◆ **WHAT THE TASK REQUIRES**
Quote the whole listing word for word. Do not include the pictures.

◆ **DATASET EXTRACT**
★ ★ ★
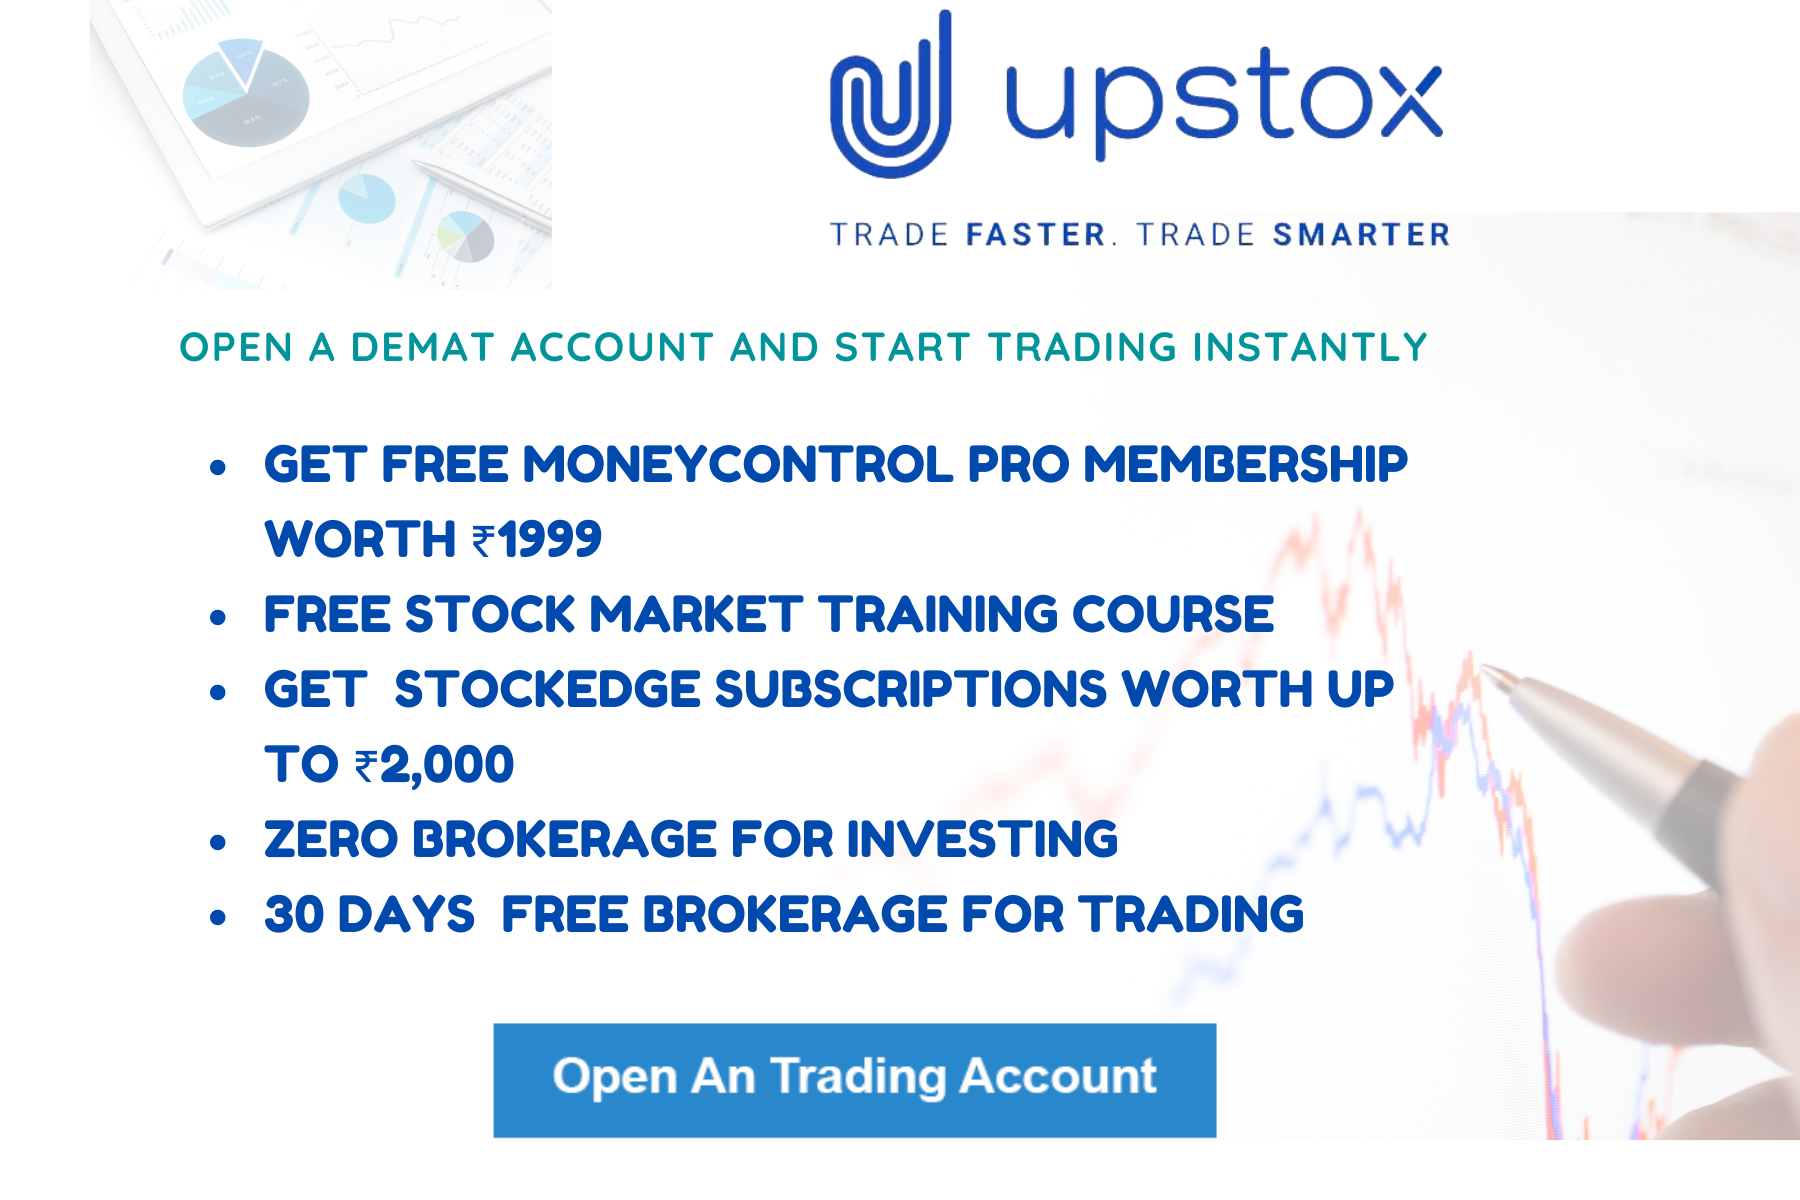 upstox demat account - upstox offer
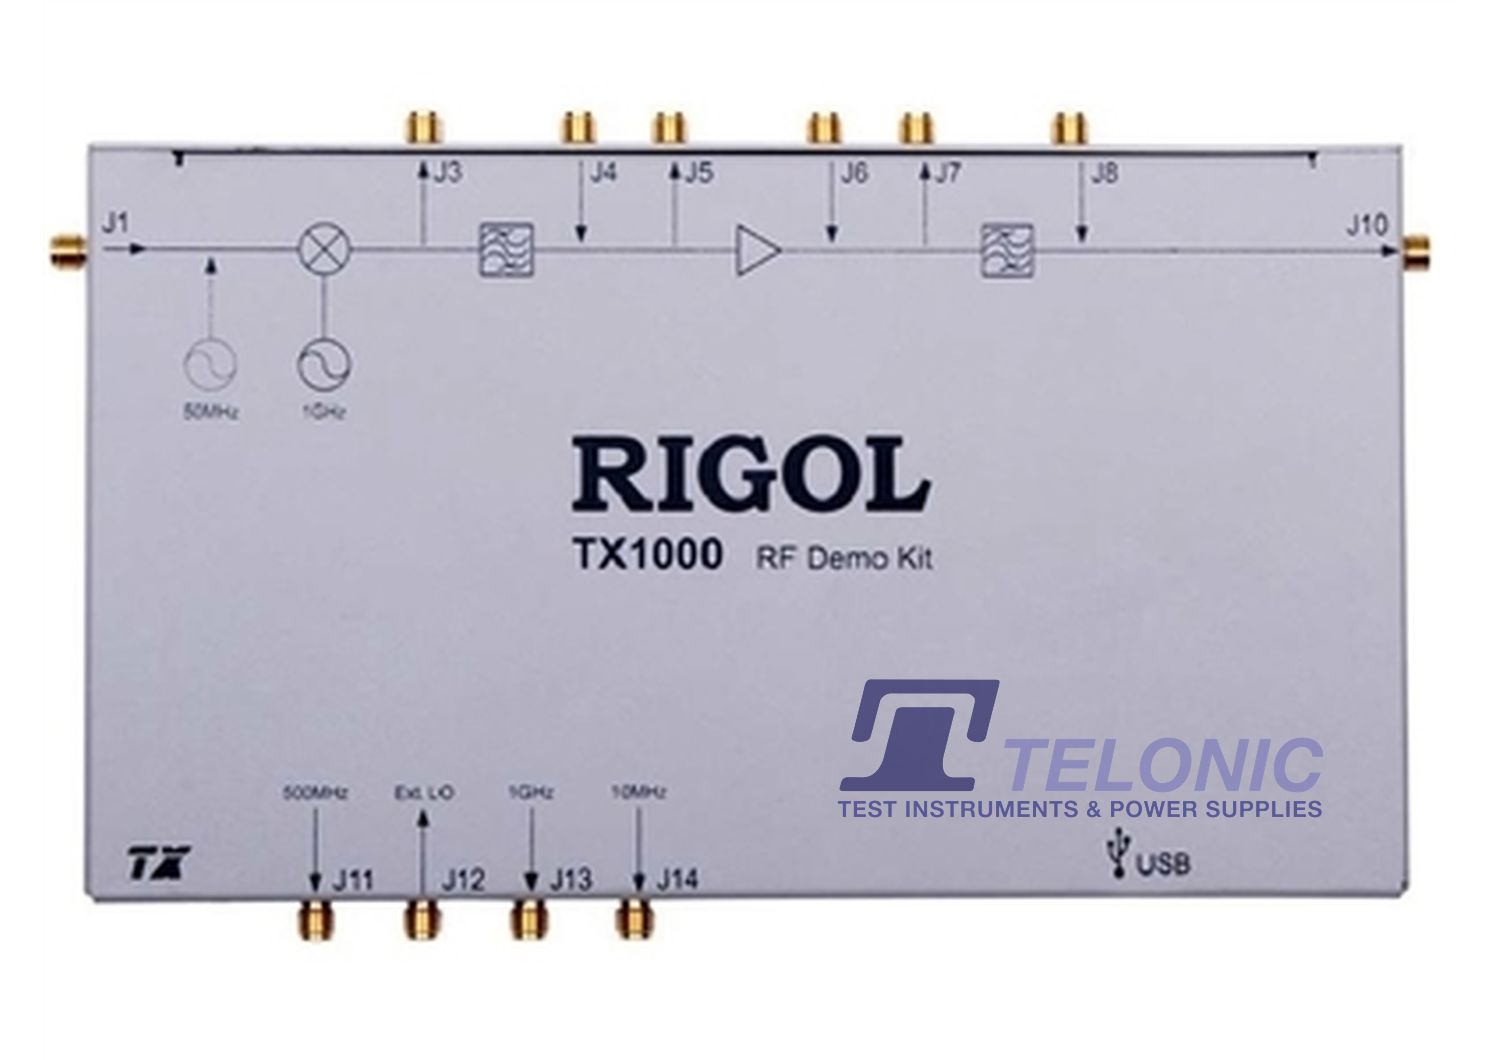 Rigol TX1000 RF Transmitter Demo Kit
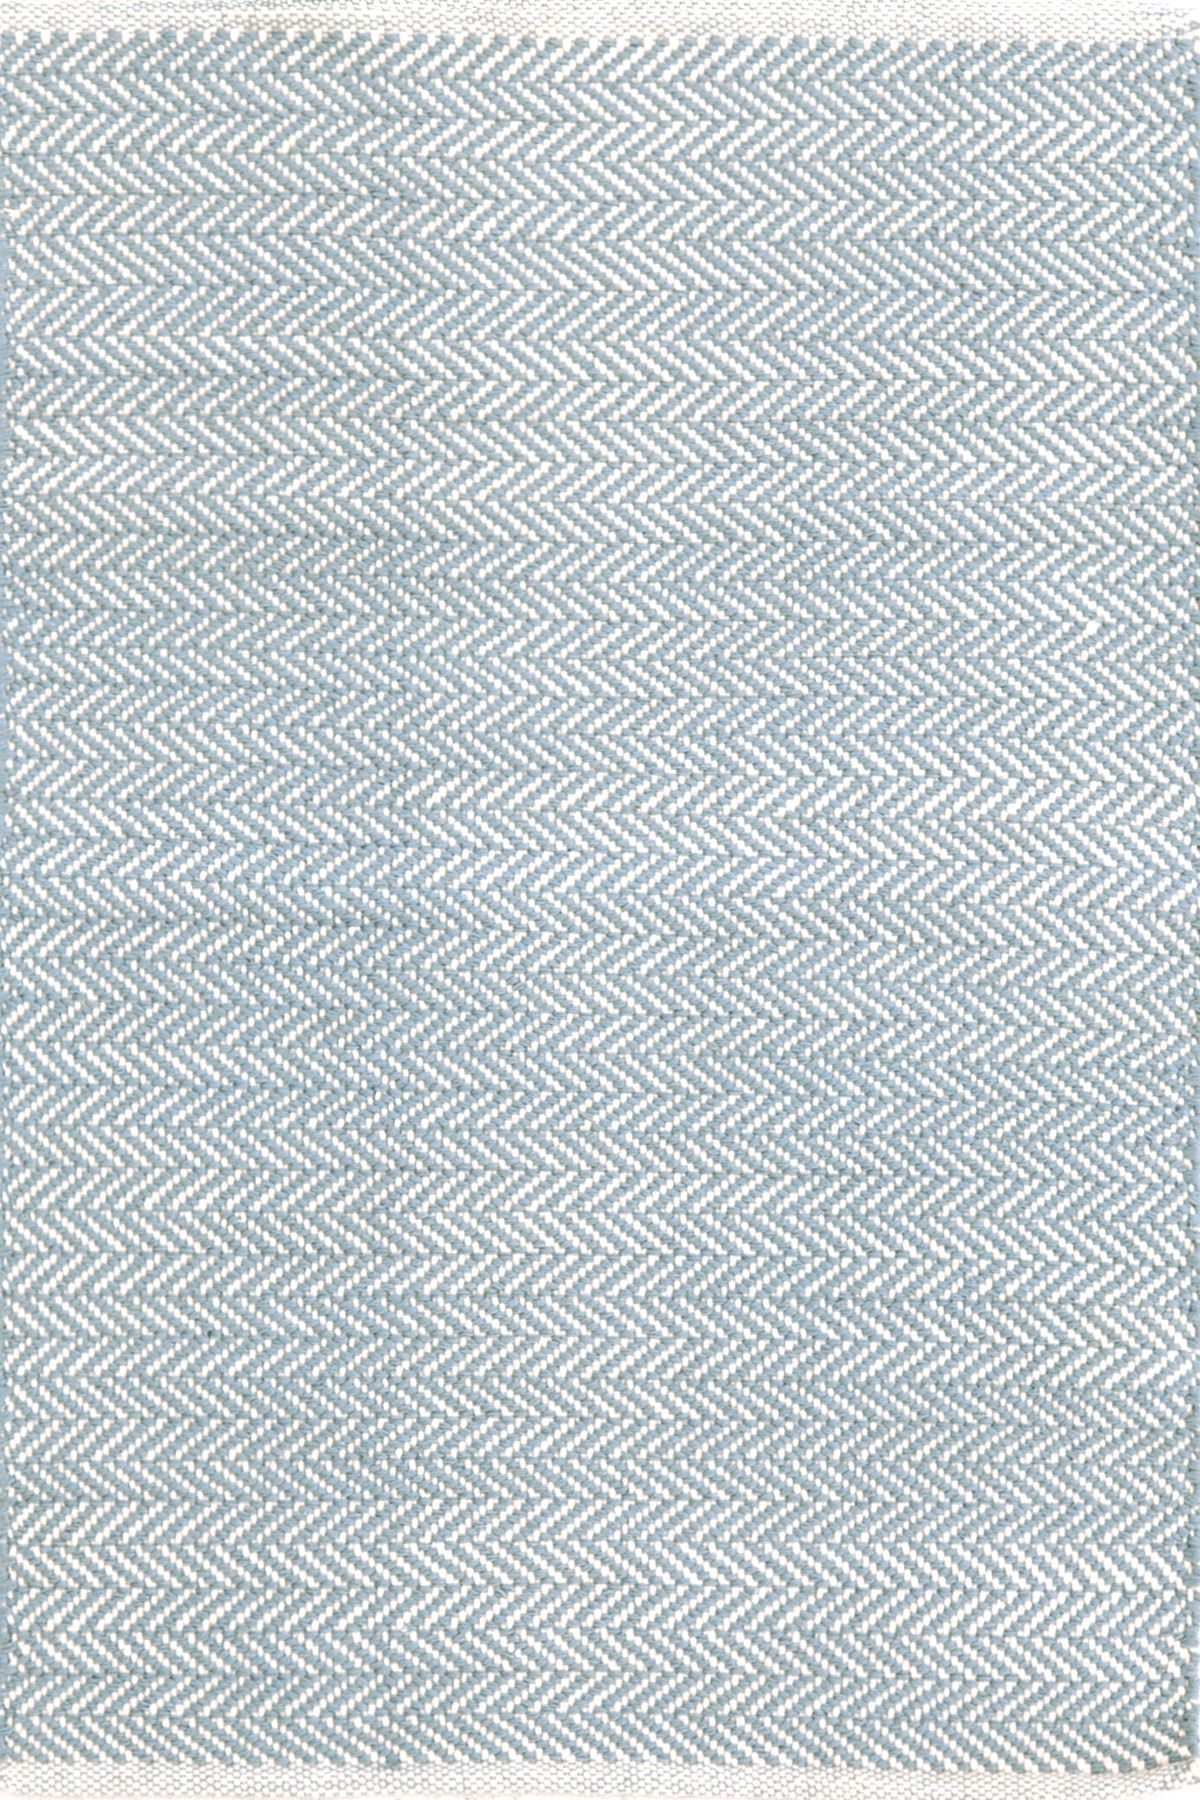 Herringbone Swedish Blue Woven Cotton Rug - 8x10 - Image 0
★ ★ ★
◆ **SOLUTION TO THE EXERCISE**
 upstox demat account - upstox offer
 Rigol TX1000 RF Transmitter Demo Kit
 Herringbone Swedish Blue Woven Cotton Rug - 8x10 - Image 0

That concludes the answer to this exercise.